British journalist (born 1984)

Sophy Ridge (born 16 October 1984) is an English television journalist. She has worked for Sky News since 2011.

Born in London, Ridge studied English Literature at St Edmund Hall, Oxford, before working for the tabloid newspaper News of the World. She left the newspaper to join Sky News as a political correspondent in 2011. Six years later, she started hosting her own politics show on the channel, Sophy Ridge on Sunday.

Ridge hosted the primetime show Politics Hub with Sophy Ridge from September 2023 to October 2025. She was also involved in the 2024 general election coverage on Sky News. Ridge began presenting Sky News Breakfast in November 2025 alongside Wilfred Frost.

==Early life==
Ridge was born on 17 October 1984 in Richmond upon Thames, London. Both her parents are teachers. Ridge has one younger brother. Her secondary education was at the selective grammar Tiffin Girls' School in London. During her time there, she did work experience at the local newspaper, the Richmond and Twickenham Times.

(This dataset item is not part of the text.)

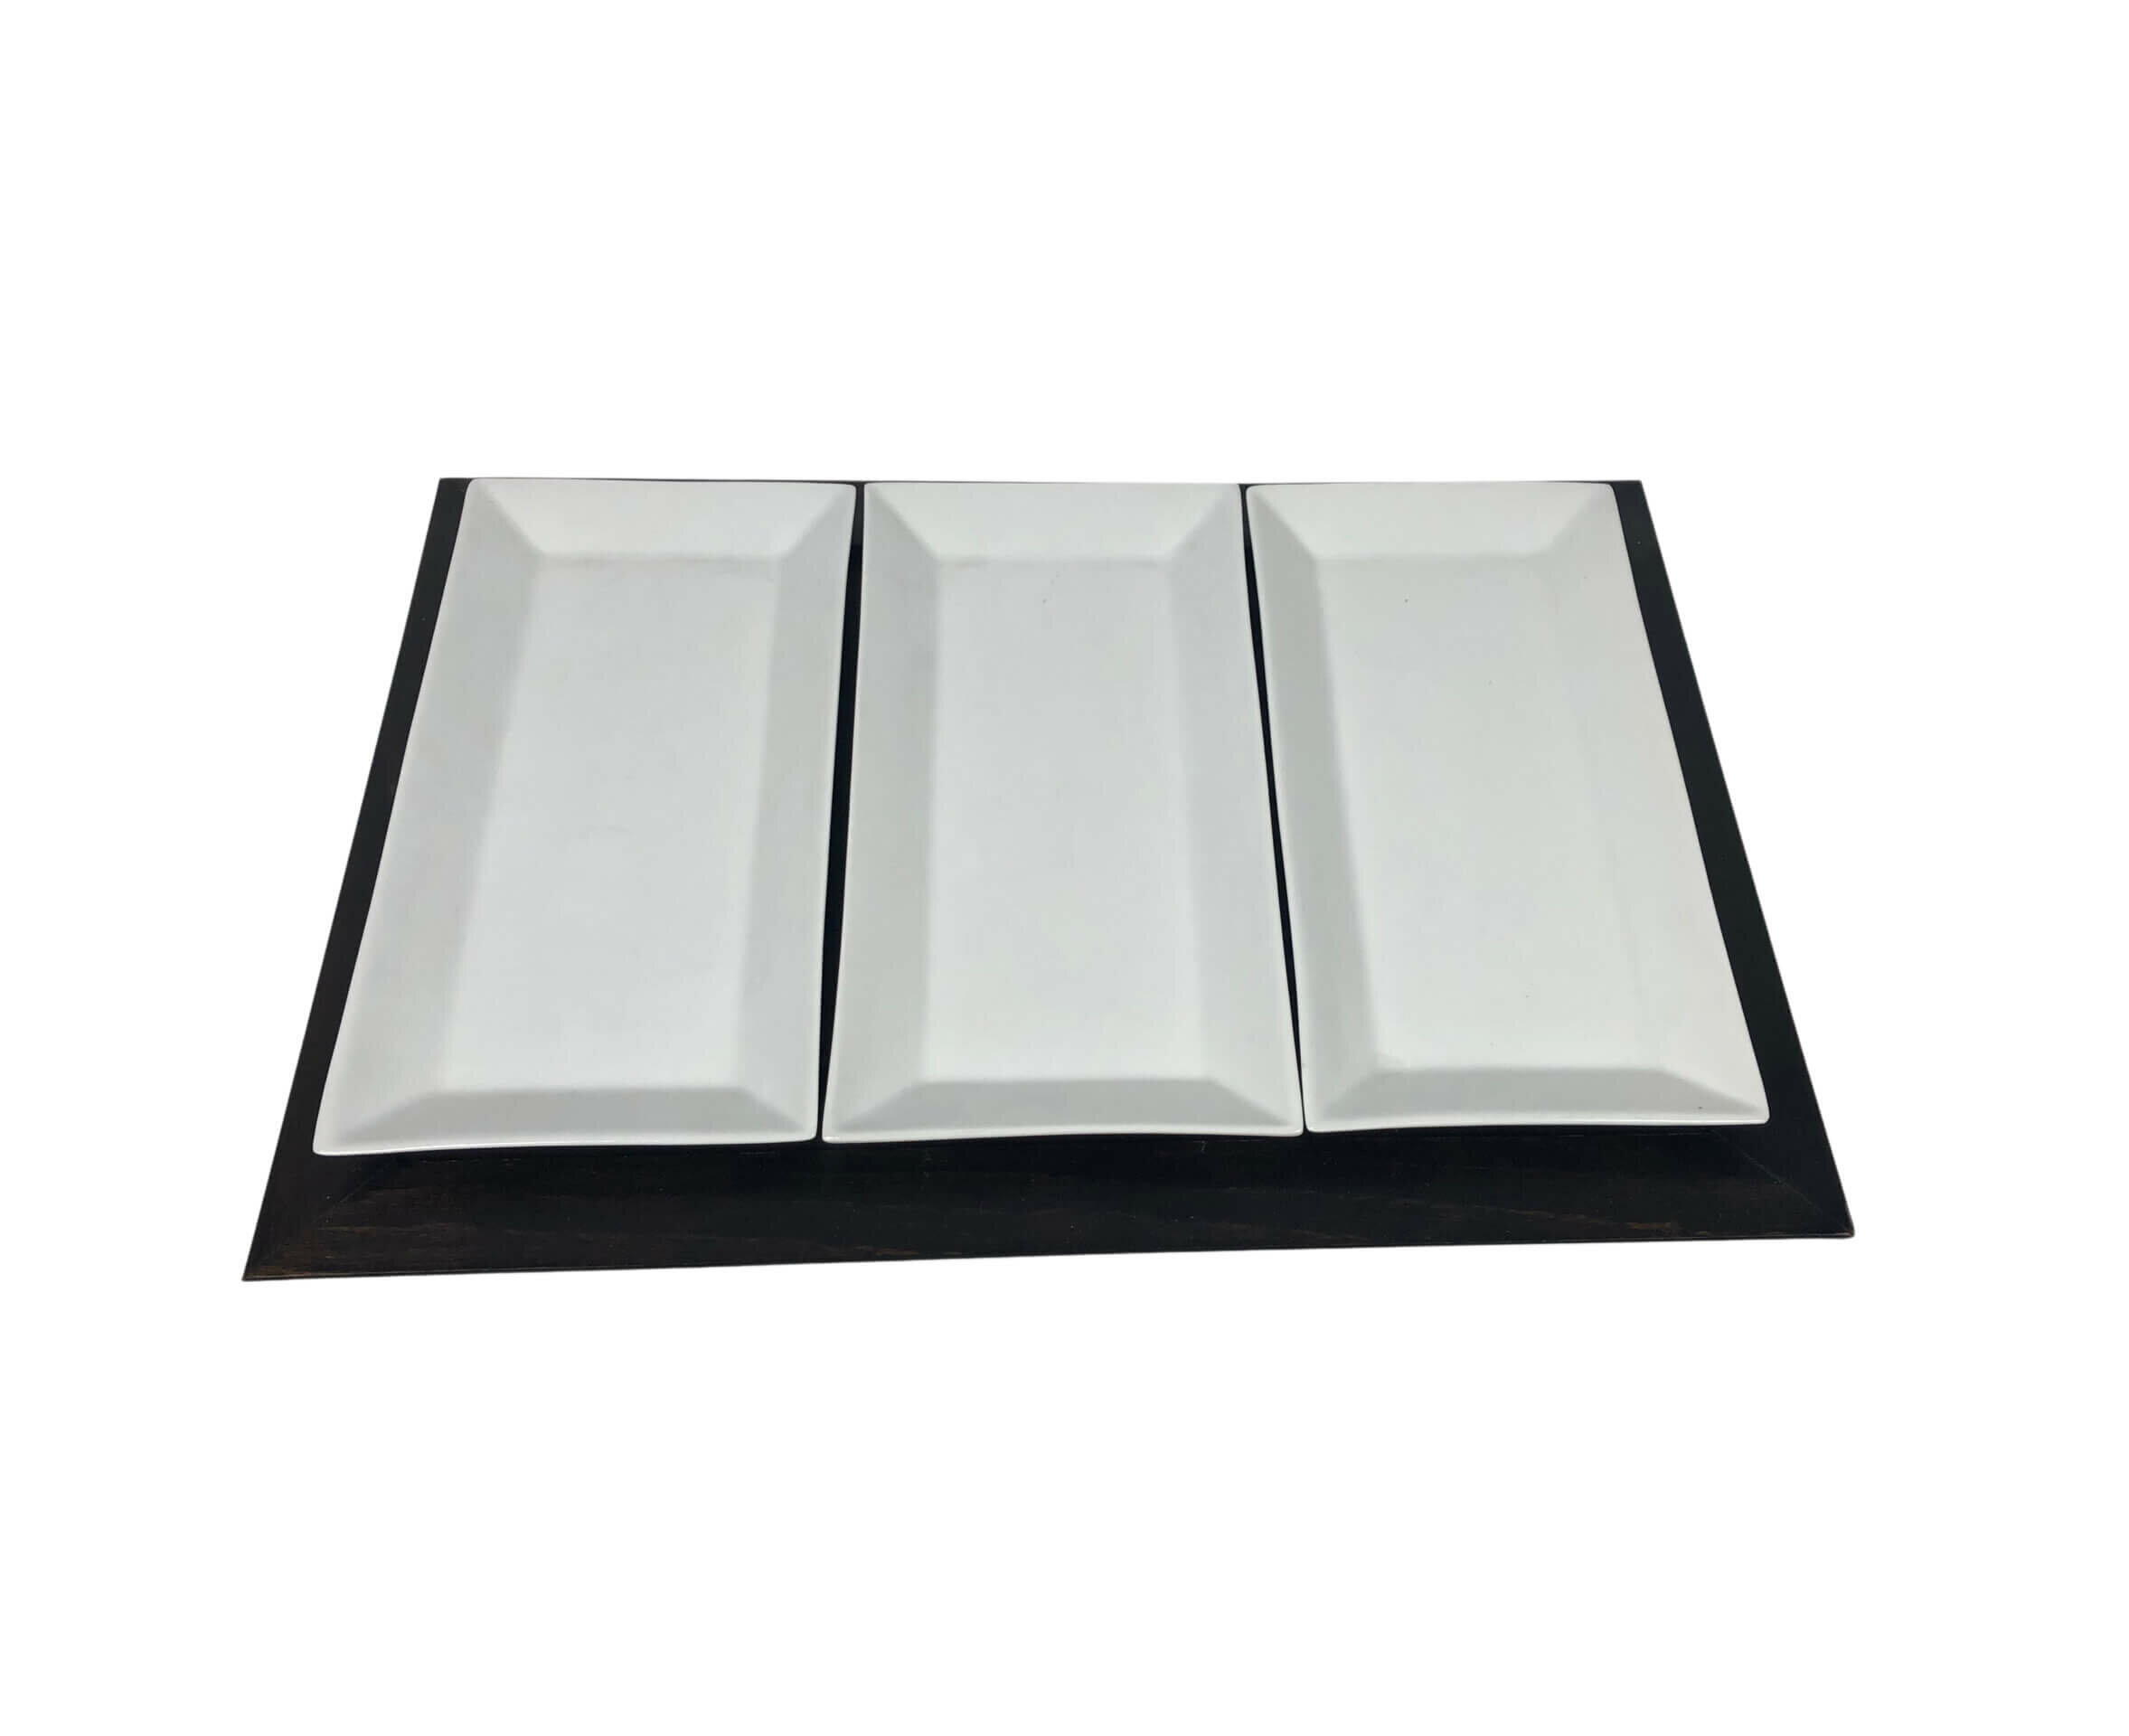 Ξύλινος Δίσκος Σερβιρίσματος Καφέ Σκούρο Με 3 Πιατάκια 40x27,5cm

She continued her education at St Edmund Hall, Oxford, and obtained a second-class BA degree in English Literature. During her final year of university, she did a period of work experience at the tabloid newspaper News of the World, which led to a position on their graduate training programme.

==Career==
After graduation in 2006, Ridge was a trainee reporter at the News of the World. After completion of her training programmes she initially worked as a consumer affairs correspondent in 2009. She then gained a job as a political correspondent on Sky News in 2011.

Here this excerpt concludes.